I am trying to follow an implementation of an attention decoder
from keras.layers.recurrent import Recurrent
...
class AttentionDecoder(Recurrent):
...
#######################################################
# The functionality of init, build and call is clear
#######################################################
def __init__(self, units, output_dim,
activation='tanh',
...
def build(self, input_shape):
...
def call(self, x):
self.x_seq = x
...
return super(AttentionDecoder, self).call(x)
##################################################################
# What is the purpose of 'get_initial_state' and 'step' functions
# Do these functions override the Recurrent base class functions?

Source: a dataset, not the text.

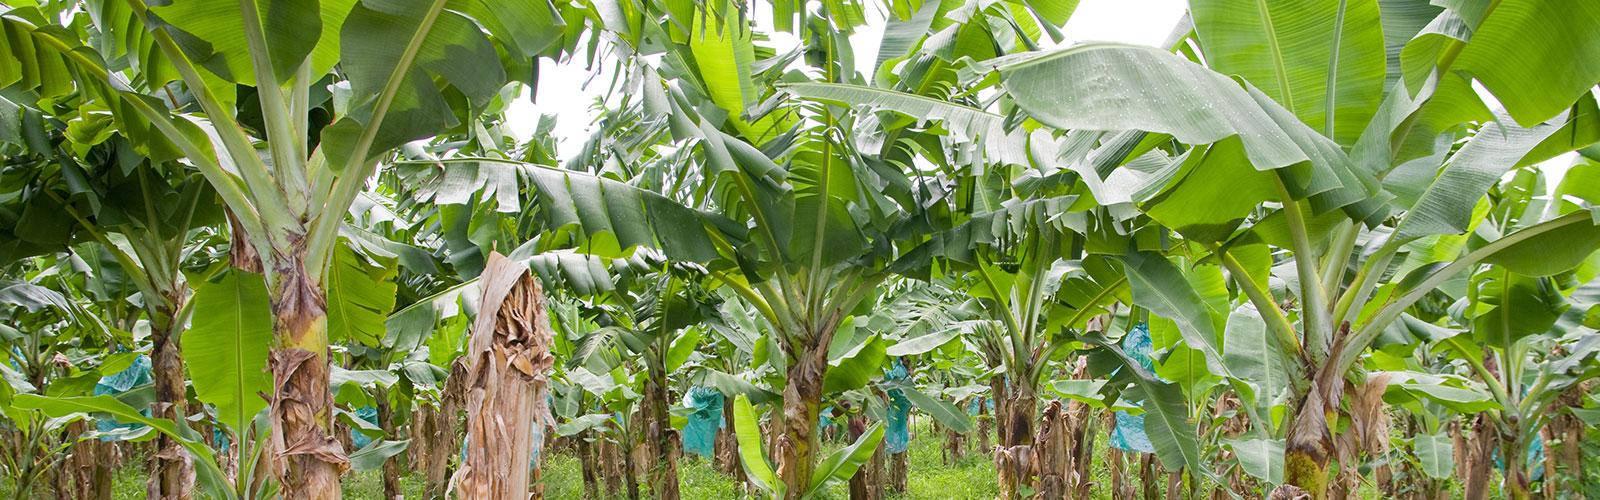 Lush Banana Plantation in French Guiana Wallpaper
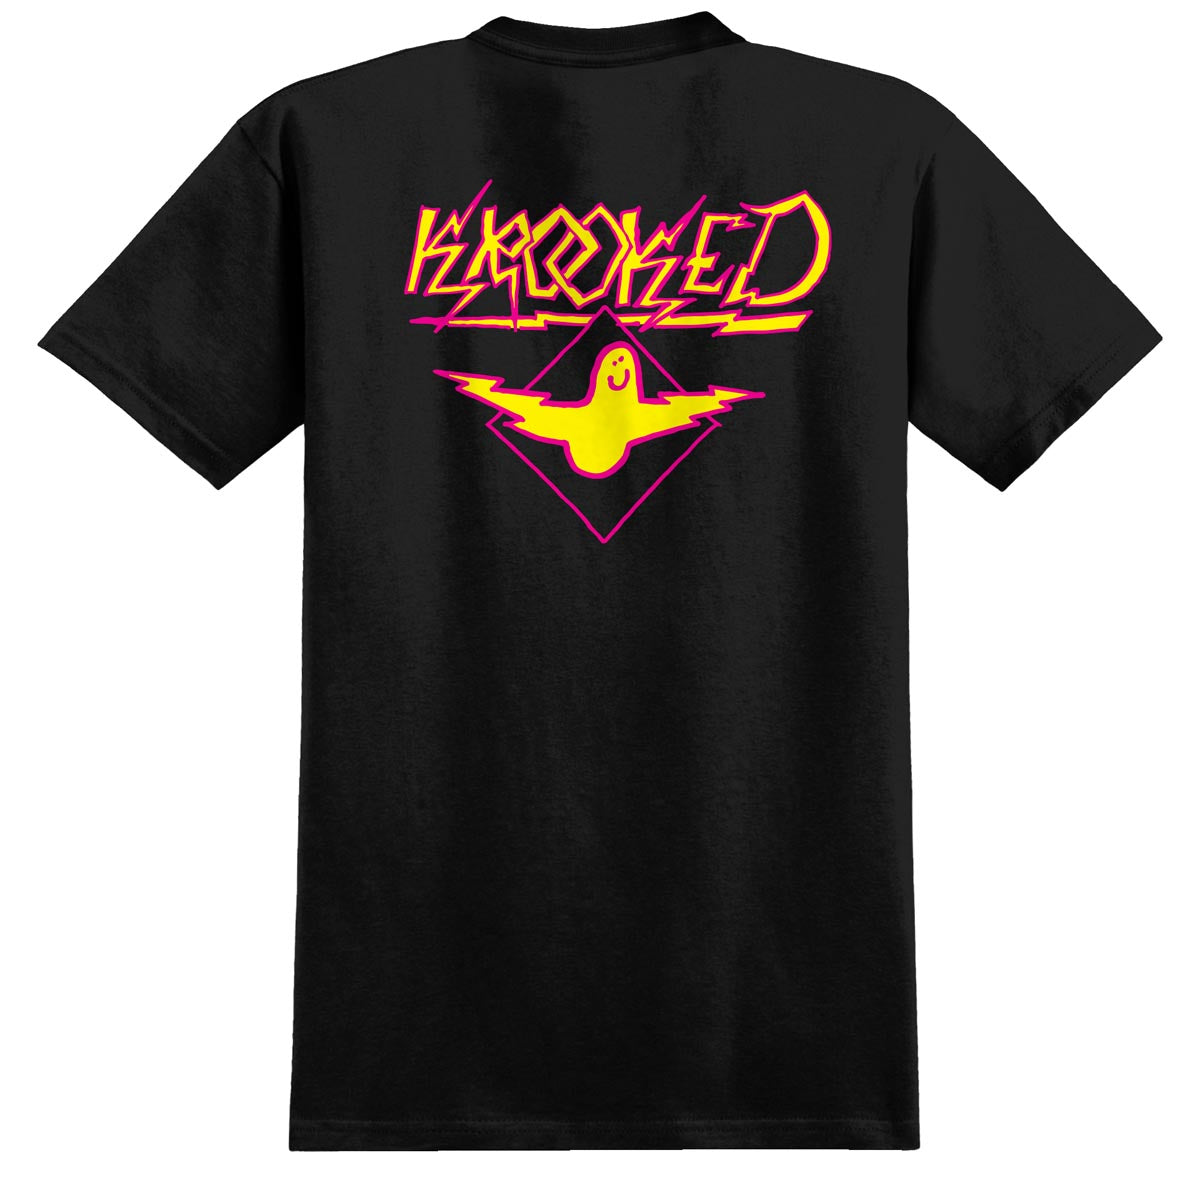 Krooked Bird Lightening T-Shirt - Black/Magenta/Yellow image 1

##################################################################
def get_initial_state(self, inputs):
# apply the matrix on the first time step to get the initial s0.
s0 = activations.tanh(K.dot(inputs[:, 0], self.W_s))
# from keras.layers.recurrent to initialize a vector of (batchsize,
# output_dim)
y0 = K.zeros_like(inputs) # (samples, timesteps, input_dims)
y0 = K.sum(y0, axis=(1, 2)) # (samples, )
y0 = K.expand_dims(y0) # (samples, 1)
y0 = K.tile(y0, [1, self.output_dim])
return [y0, s0]
def step(self, x, states):
ytm, stm = states
...
return yt, [yt, st]
The AttentionDecoder class is inherited from Recurrent, an abstract base class for recurrent layers ( Recurrent#keras.layers.recurrent, documented here ).
How do the get_initial_state and step function work withing the class (who calls them, when, etc.)? If these function are related to the base class Recurrent, where can I find the relevant documentation?